# Data block
══════════
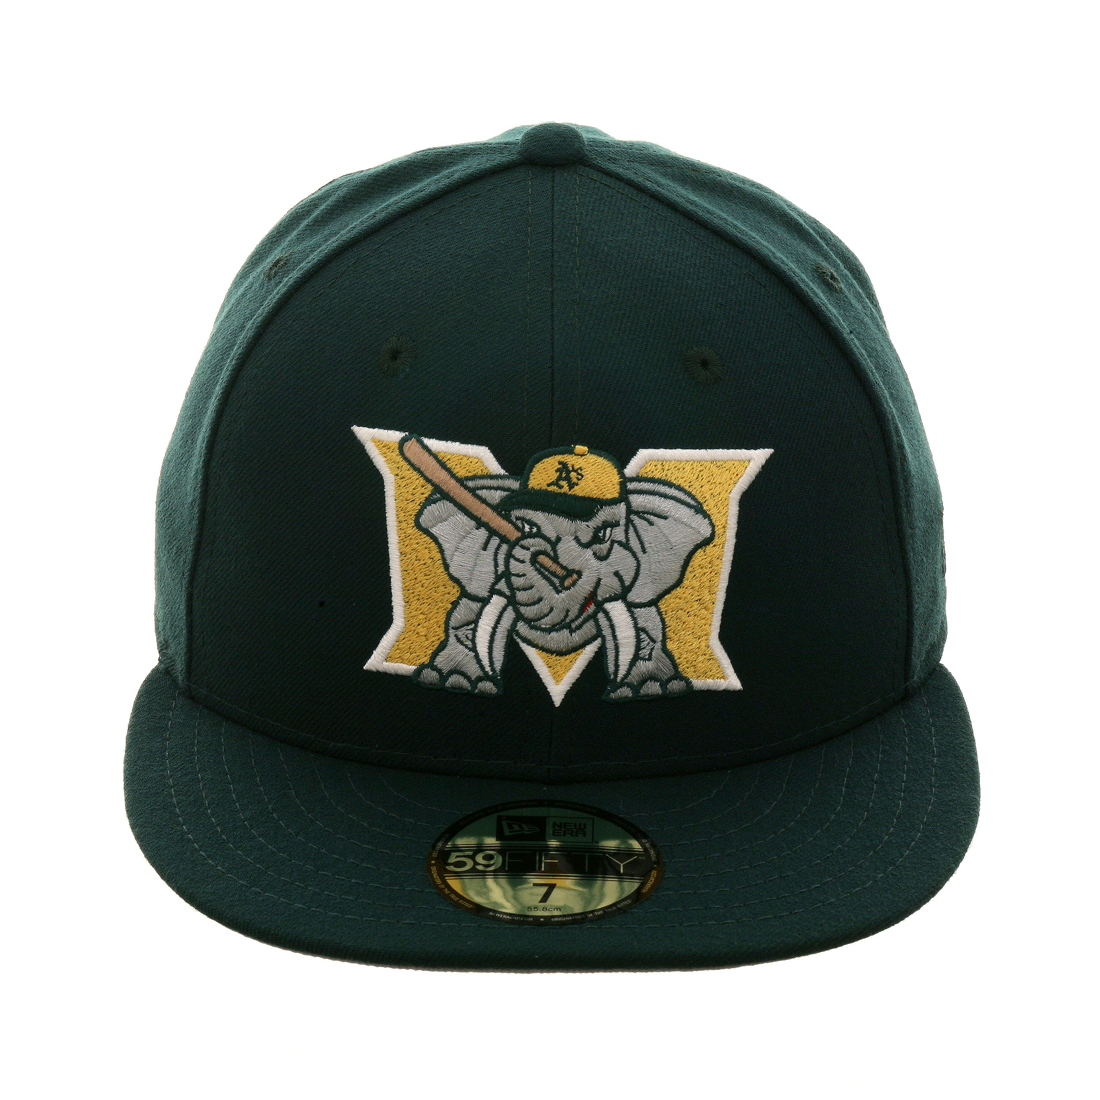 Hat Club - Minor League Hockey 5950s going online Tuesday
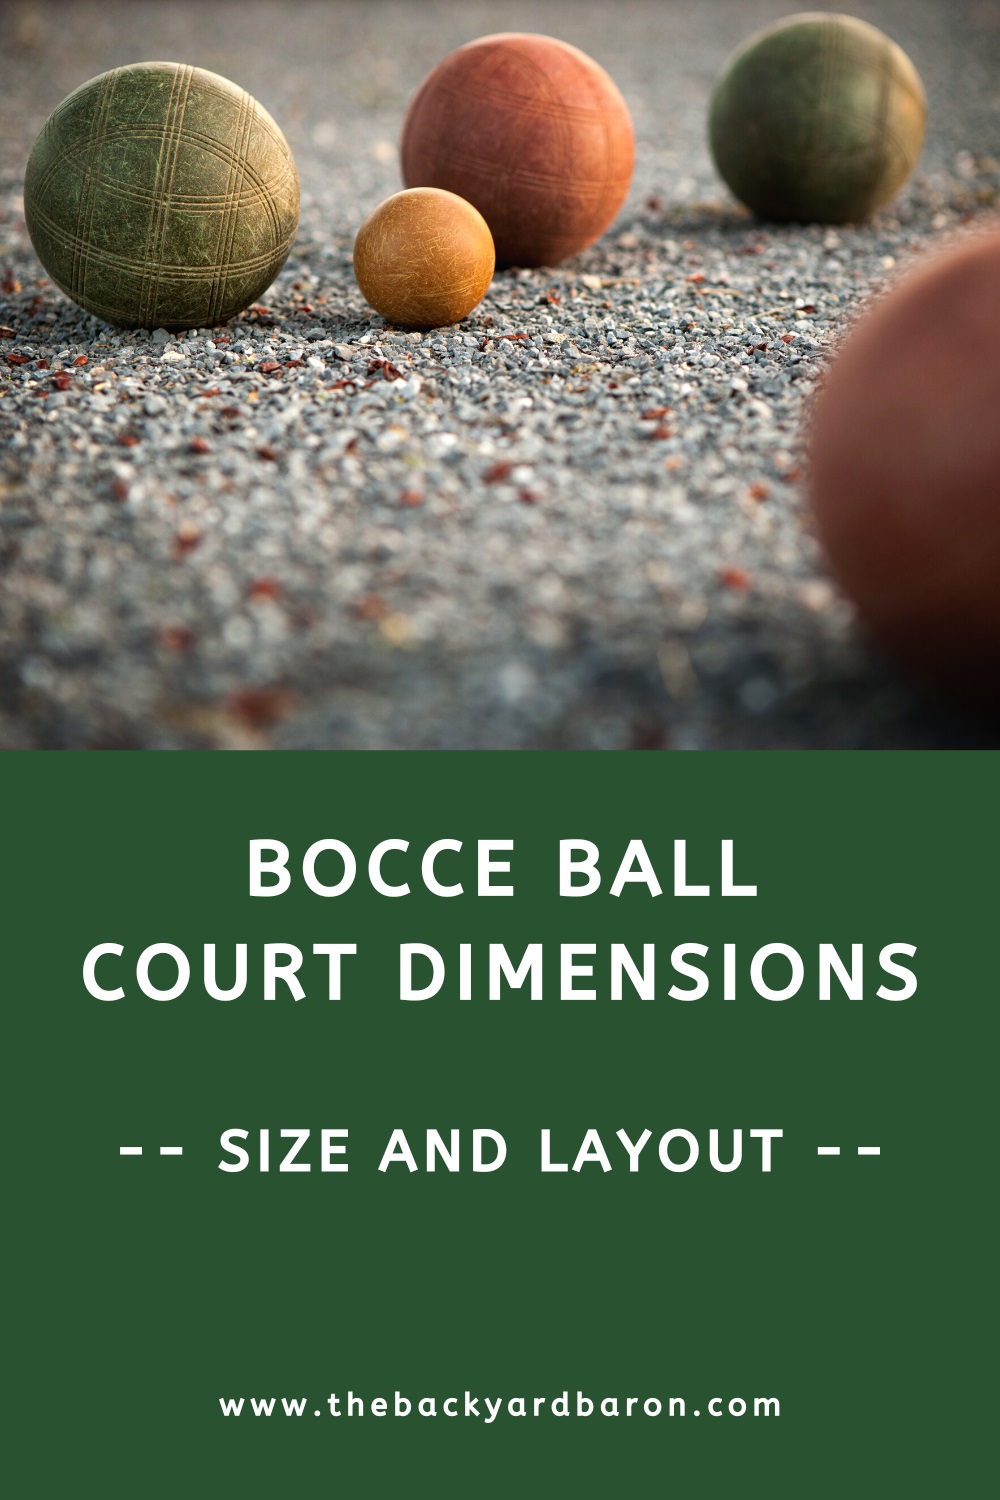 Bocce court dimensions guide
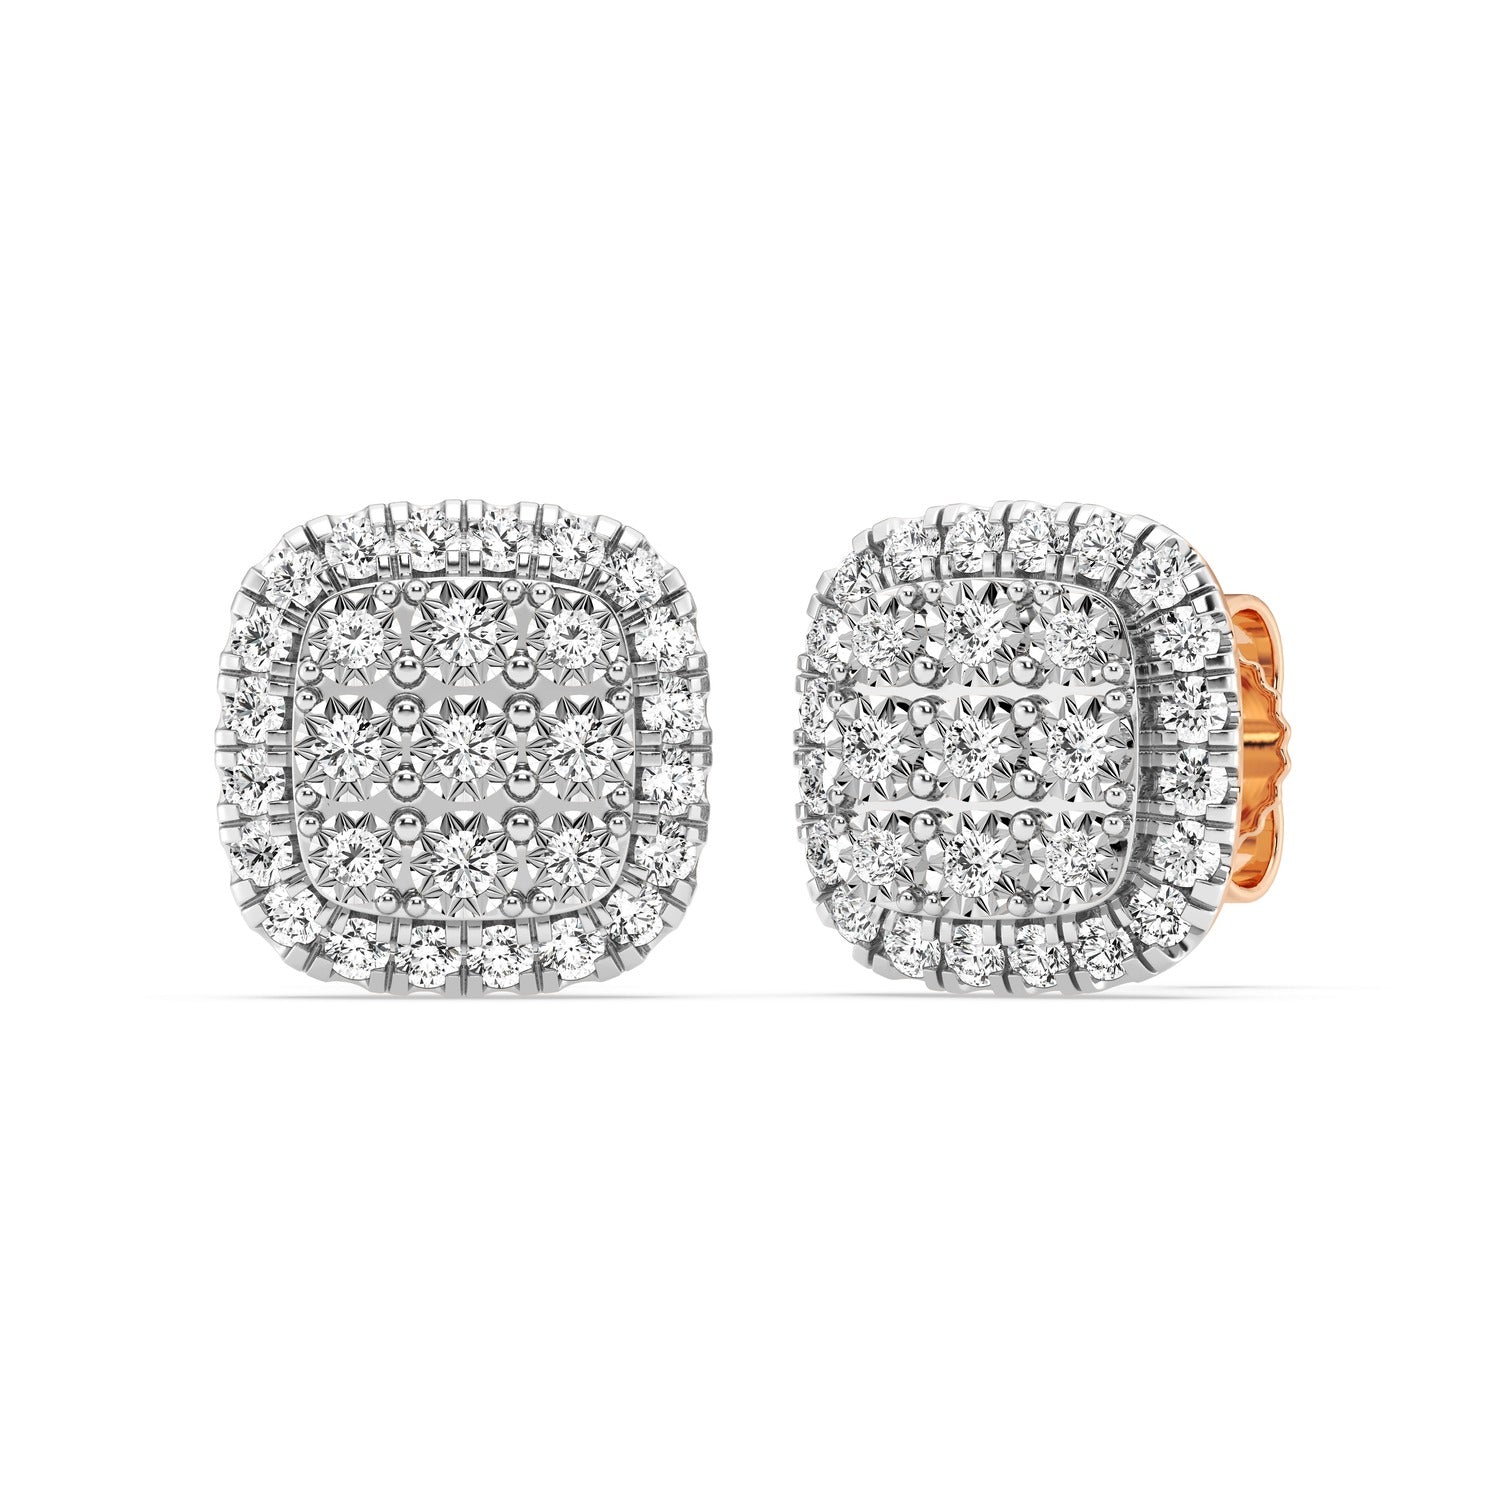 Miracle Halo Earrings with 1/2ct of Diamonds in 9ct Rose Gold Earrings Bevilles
══════════
# Work order
Exclude the pictures and give back the rest of the data above exactly as written.

# Solution to this exercise
 Hat Club - Minor League Hockey 5950s going online Tuesday
 Bocce court dimensions guide
 Miracle Halo Earrings with 1/2ct of Diamonds in 9ct Rose Gold Earrings Bevilles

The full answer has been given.